I think they were mourning him too. My hens will start laying eggs in about a month. One day they were cackling up a storm. I checked on them. The rooster was inside the coop and they were in the run. Evidently they thought they lost him somewhere.


----------



## nanacarol

I checked to see if my hens had laid their eggs. Only 1 did the first day. This is the 2nd day. There were no eggs when I checked about 7:30 a.m. Around 9:00 a.m. I had the windows open and heard a different cackling noise. I looked out and could see it wasn't the rooster. All of the hens were coming out of the coop but the last one was doing the cackling. I decided to see if she had laid an egg. I went to look and there was a warm egg in the nest. A little darker than the one yesterday so I'm not sure who laid the first one. Any ideas?


----------



## cogburn

They are letting you know they did a good
Job for you, they want your praise. Just like when the cat kills a frog, rat, snake or bird and leaves it on the porch for you to see they are working for you, pulling their own weight.


----------



## Energyvet

How wonderful! A warm egg and a celebratory cackle! I agree with Cogburn, that our animals want us to know they are on the team.


----------



## cnsper

For the same reason you occasionally grunt.


----------



## redmaples

first being sserious. I have heard that they are yelling at potential nest threats and to either distract them from the nest with the new egg in it or chase them away with the loud noises to draw the attention of other chickens in the flock to watch out or come help. not sure but thats what I heard. 
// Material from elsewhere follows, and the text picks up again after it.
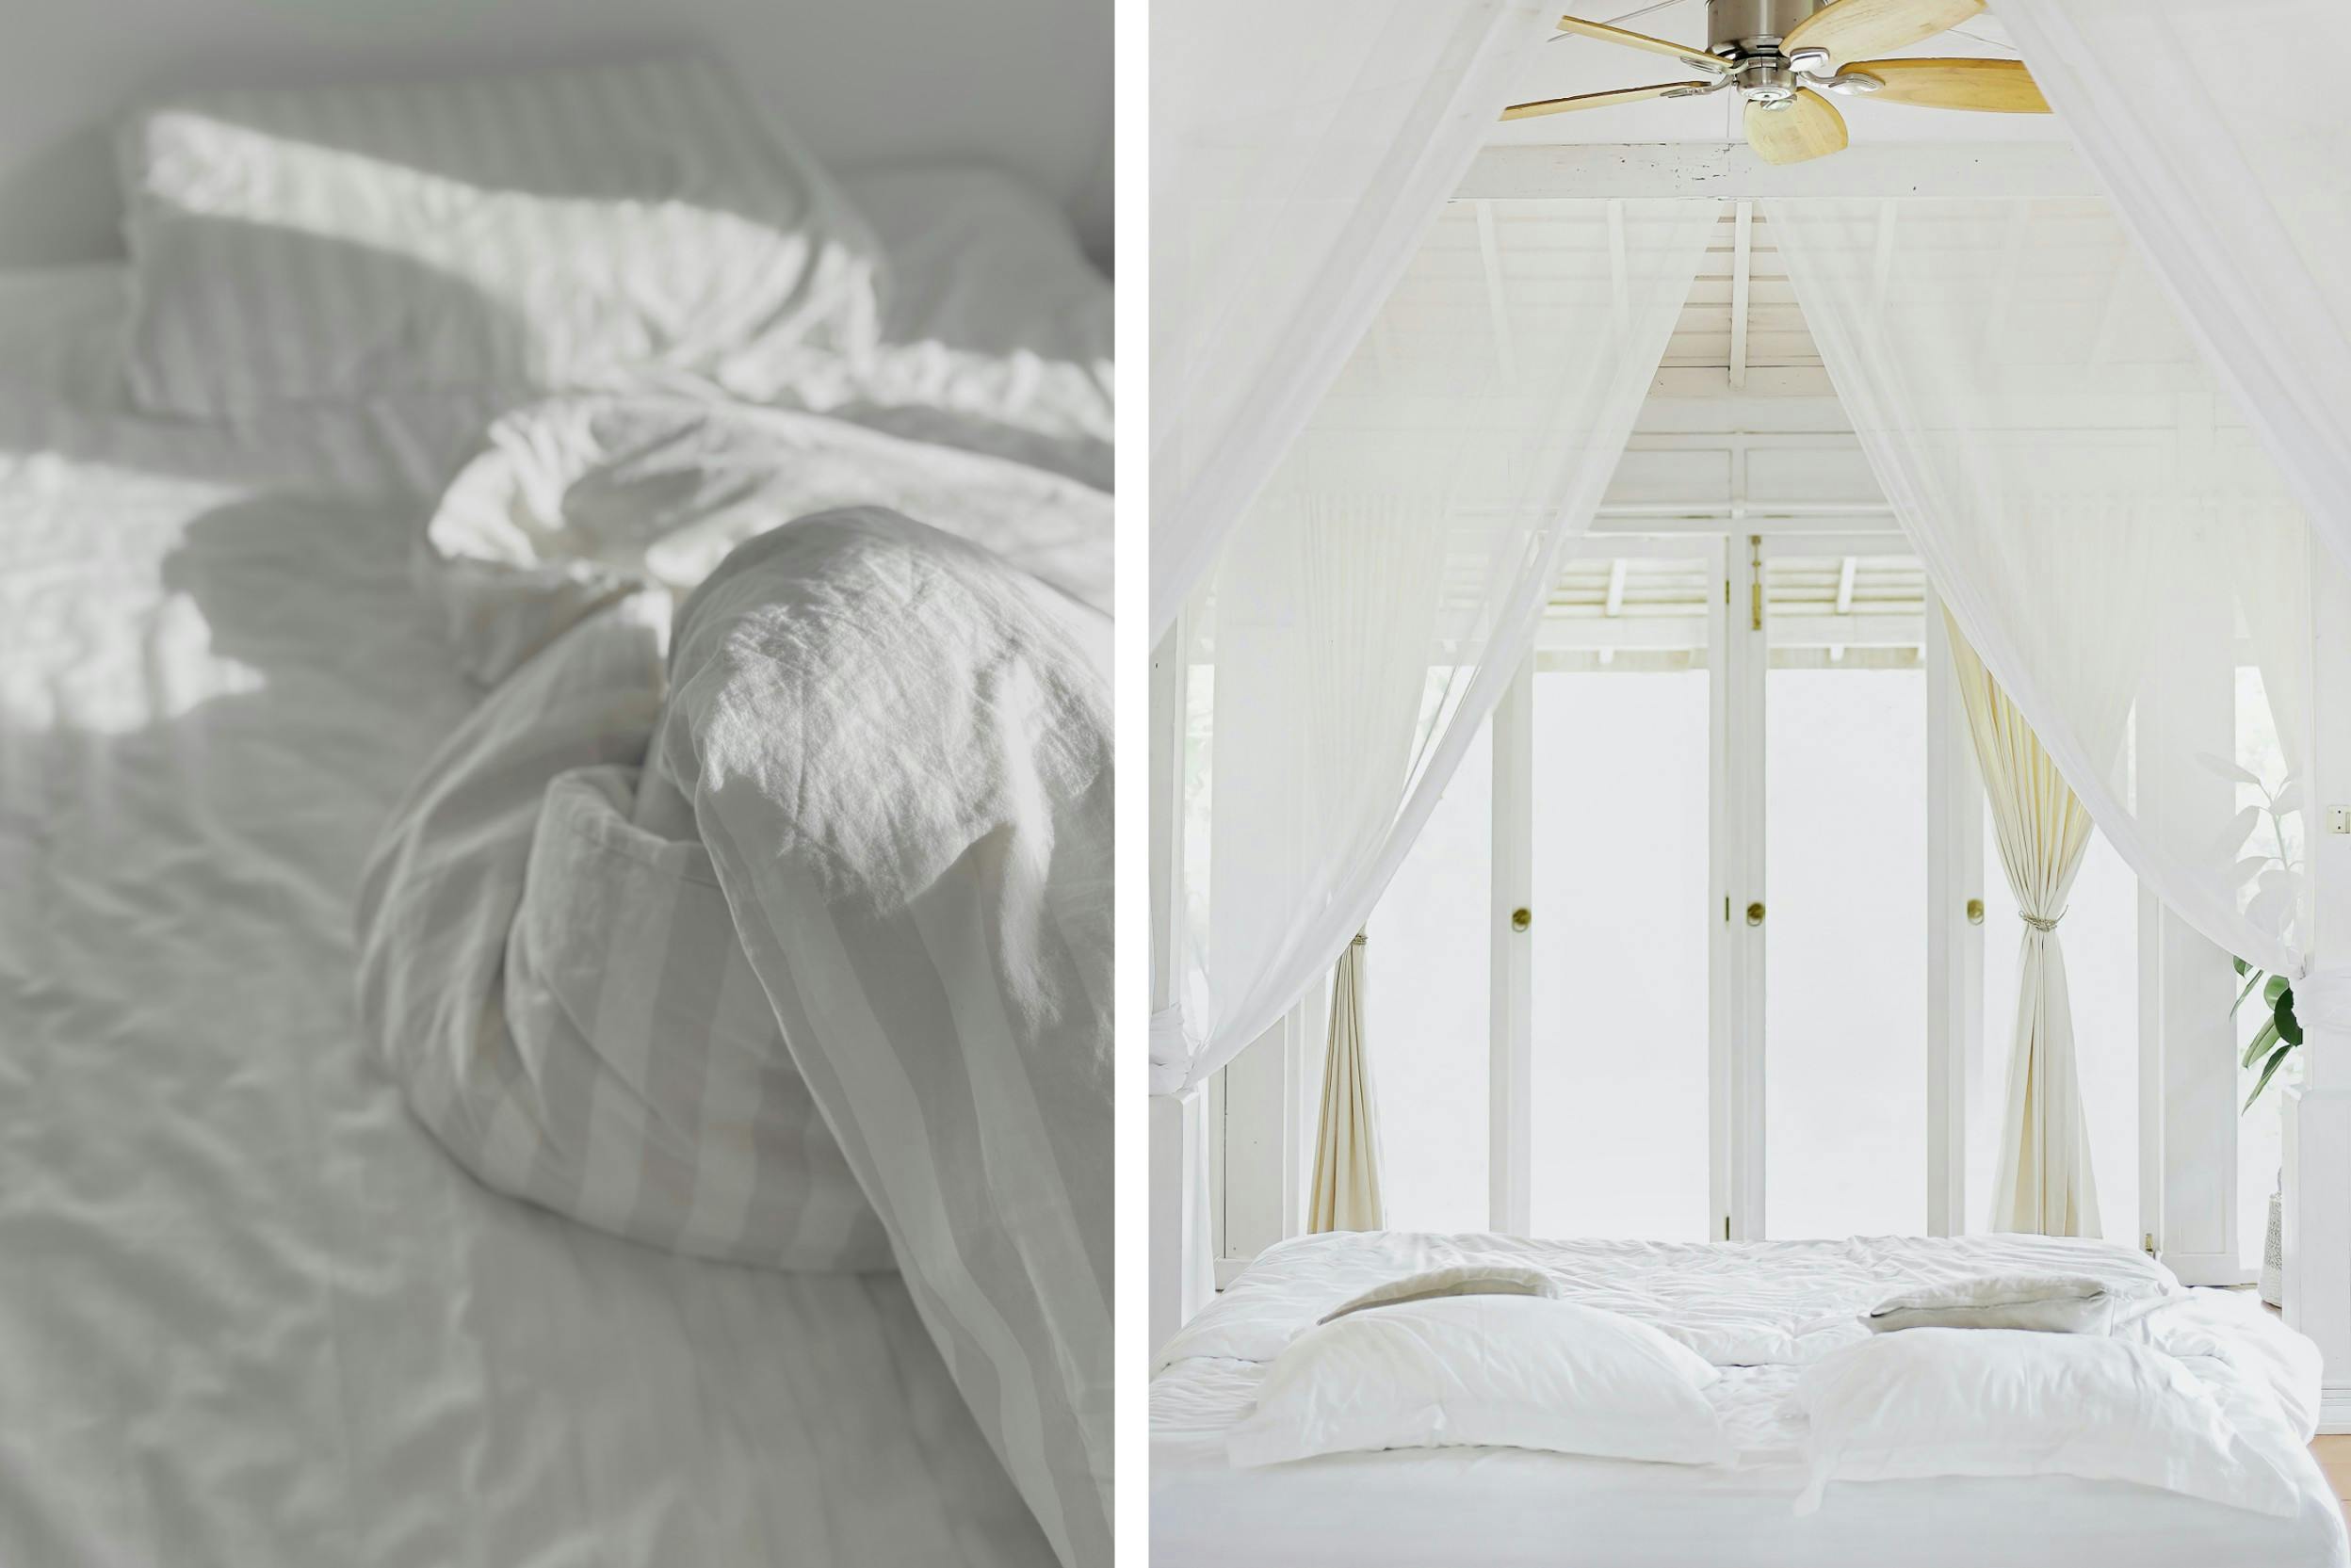 Bettwäsche aus Baumwolle in Grau-Weißen Streifen (links) und in Weiß auf Himmelbett (rechts). Bilder aus Unsplash.

Then jokingly. ever see the fog horn leg horn cartoon when the skinny hen prissy layed an egg(well I think it was a prank that someone put an egg in her nest) ( haven't seen it many years) and she ran around all excited squaking....."look what I did"....."Look what I did!!!"


----------



## Energyvet

Redmaples, that is so funny. I remember that cartoon well. I haven't thought of it in years though. Your description put a smile on my face. Lol. Looking back now as an adult it's even funnier. Thanks for that.


----------



## wingman

I'm goin' with the "proud" story - that's what my chickens do.


----------



## mcderry1967

Roseann said:


> Funny because my free ranging hens just recently started to lay their eggs on my backporch chairs. So now I can actually hear them right after they lay their eggs. My kids (twins aged 19) asked me just yesterday why do they cluck so loud after they lay an egg and I said, "because their so proud and want to yell it from the rooftops!"
> If their is a scientific reason I would love to know it but if it is because their in pain from "laboring" an egg, well, then, I will just go with the proud story! hahaha


I think you hit it right on the head! I believe they are proud of their accomplishment!!!!!


----------



## rich

bevie55 said:


> I would like some logical explanations for why hens cackle when they lay an egg. Some imaginary answers would be good too.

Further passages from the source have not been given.